Project Name: Receiver Slide Gate Development and Evaluation for Gen3++ Falling Particle Receivers
Principal Investigator: Nathan Schroeder
Location: Albuquerque, NM
DOE Award Amount: $2,400,000
Awardee Cost Share: $450,000
Project Summary: This project will design and study a modular system of sliding gates to control the flow of particles in CSP receivers. The modular nature of this design will make it easier to replace parts and give operators more control of the receiver temperature. This level of control will improve receiver efficiency, which will decrease the overall cost of CSP energy. The team will evaluate the stability of multiple designs by subjecting the system parts to high-temperature heat cycles and monitoring for degradation.

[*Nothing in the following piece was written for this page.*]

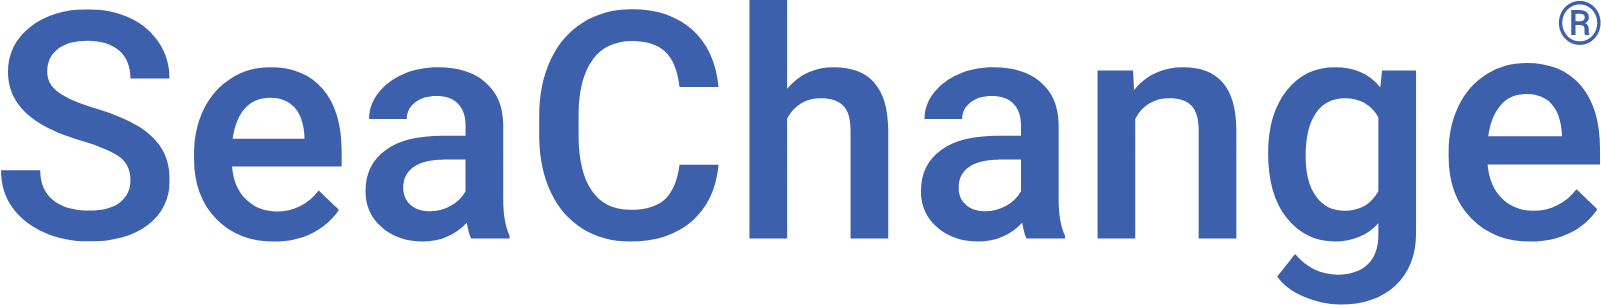 SeaChange logo large (transparent PNG)

Project Name: Topology Optimization, Additive Manufacturing, and Experimental Testing of Particle Heat Exchangers
Principal Investigator: Xiaoping Qian
Location: Madison, WI
DOE Award Amount: $3,000,000
Awardee Cost Share: $700,000
Project Summary: This project will use two novel strategies for heat exchanger design and manufacturing to develop a 100 kW prototype of a modular system to transfer heat from particles to supercritical carbon dioxide. This design has the potential to drastically improving performance, manufacturability, cost, and reliability. The team will use computational design to optimize the channels that particles flow through to maximize heat transfer. They will fabricate prototypes of these optimized heat exchangers out of silicon carbide material with strategic additives. This prototype will be tested to determine potential for scale-up of the system.